Peralta's parents were Spaniard Francisco Peralta Barnuevo and Magdalena E. Rocha Benavides from Lima. He was the brother of José de Peralta Barnuevo, Bishop of Buenos Aires.

He studied Roman and canonical art and law at the University of San Marcos, from which he obtained the degree of doctor in canons and laws (1680-1686). Subsequently, he obtained the title of lawyer before the Royal Court (1686). He mastered Latin, Greek, French, Portuguese, Italian, English and Quechua, and had in his library works that reveal an all-embracing curiosity: grammar, poliorcetics, astronomy and metallurgy, among others. Upon the death of his father, he inherited from him the position of royal accountant of the Court of Audit. He also received income from his wife's landed estates.

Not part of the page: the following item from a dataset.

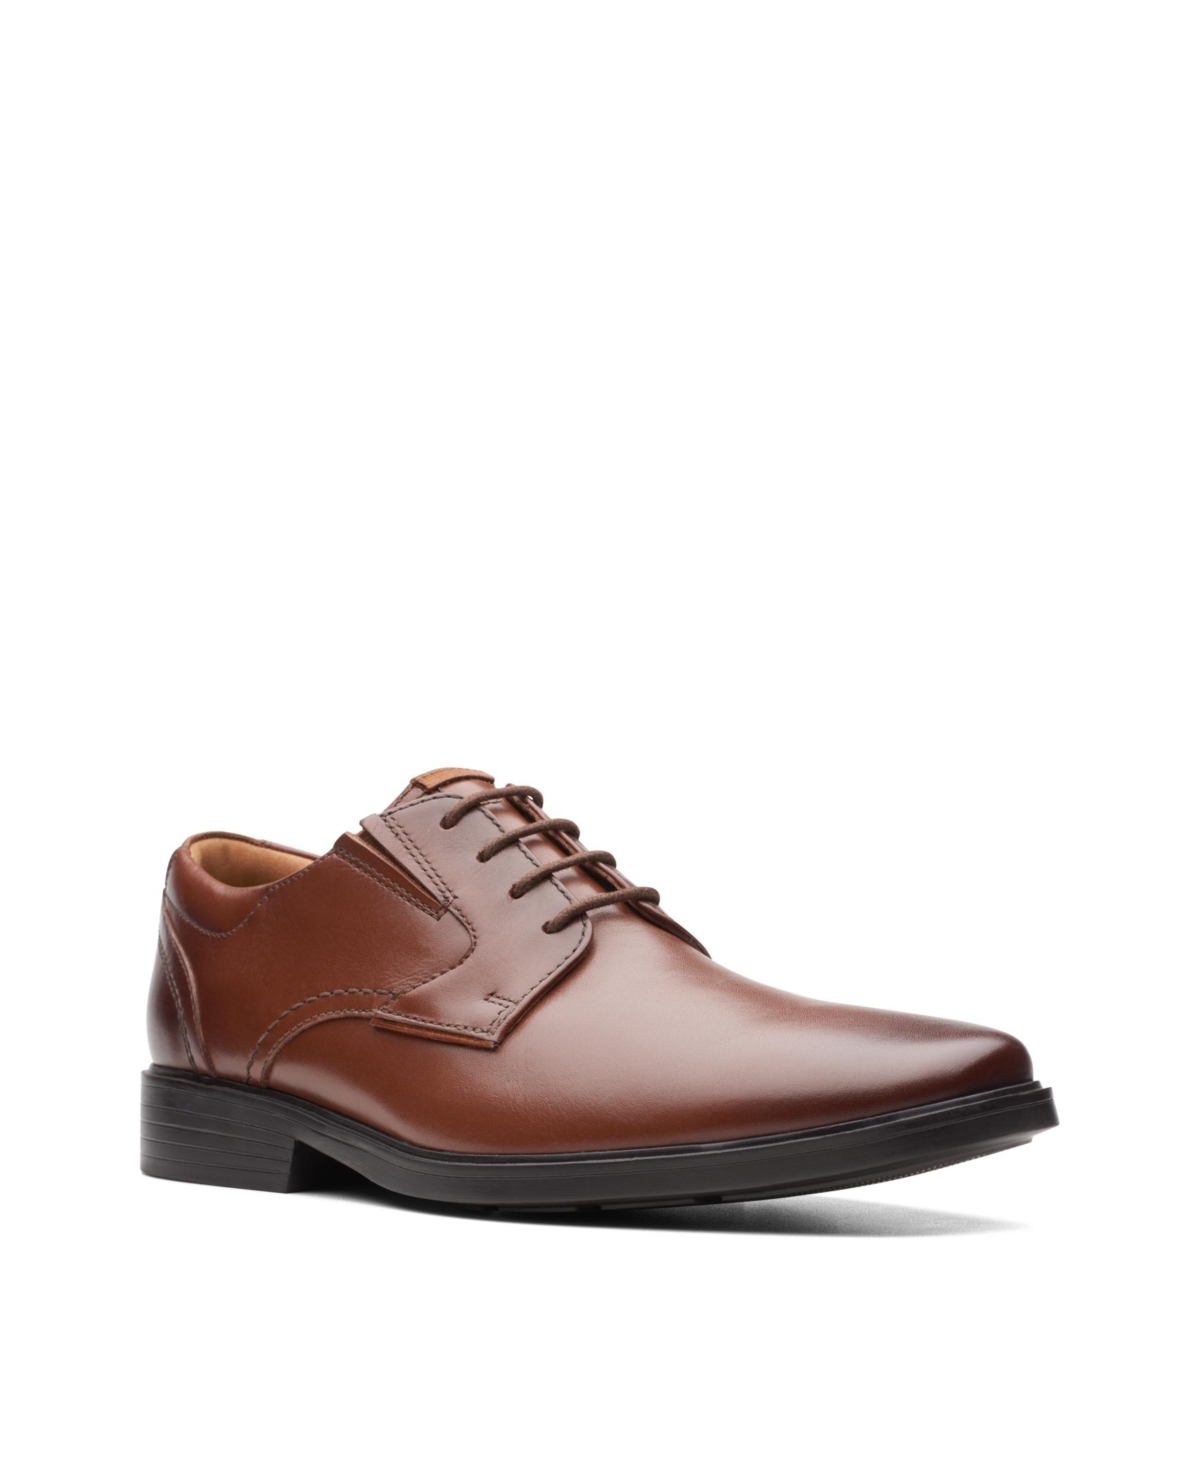 Shop Clarks Men's Collection Lite Low Comfort Shoes In Tan Leather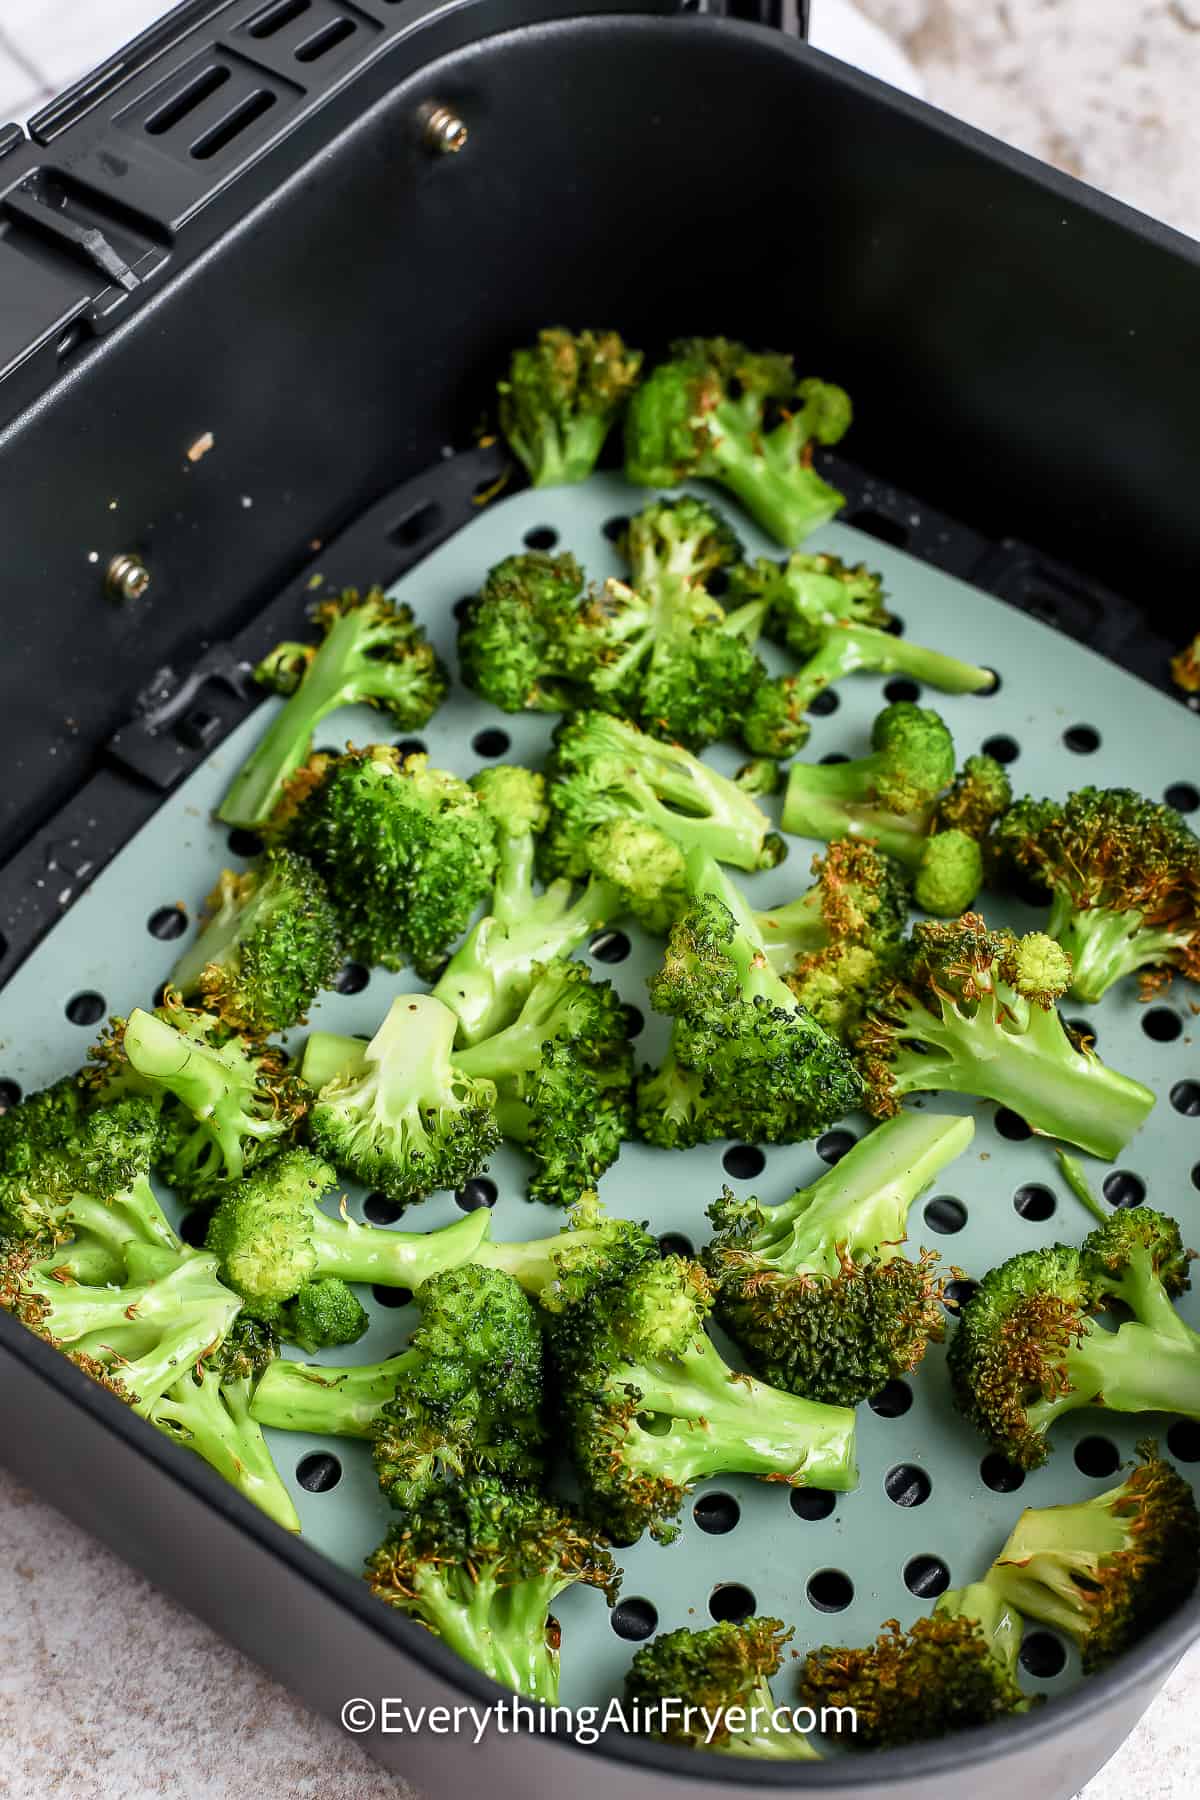 Broccoli cooked in an air fryer basket

He became rector of the University of San Marcos in very difficult circumstances for the university in 1715 and 1716. He was a member of the Académie des sciences of Paris, because of his decision to collaborate in a very important Franco-Spanish geodesic expedition, and the head of the expedition, begun in 1735, was the French naturalist and geographer Charles Marie de la Condamine. It was sought (and was done after long and very careful work), determine the length of the meridian arc, and numerous observations of the nature of that area were also carried out. Spaniards Antonio de Ulloa and Jorge Juan participated as principals.

==Works==
- Oración que dixo el rector de esta Real Universidad de San Marcos a su ilustre claustro, el 30 de junio de 1716. Lima, 1716.
- Jubileos de Lima y fiestas reales. Lima, 1723.
- Historia de España Vindicada. Lima, 1730.
- Lima fundada o Conquista del Peru: poema heroico. Lima, 1732.
- Passion y triumpho de Christo: dividida en diez oraciones. Lima, 1738.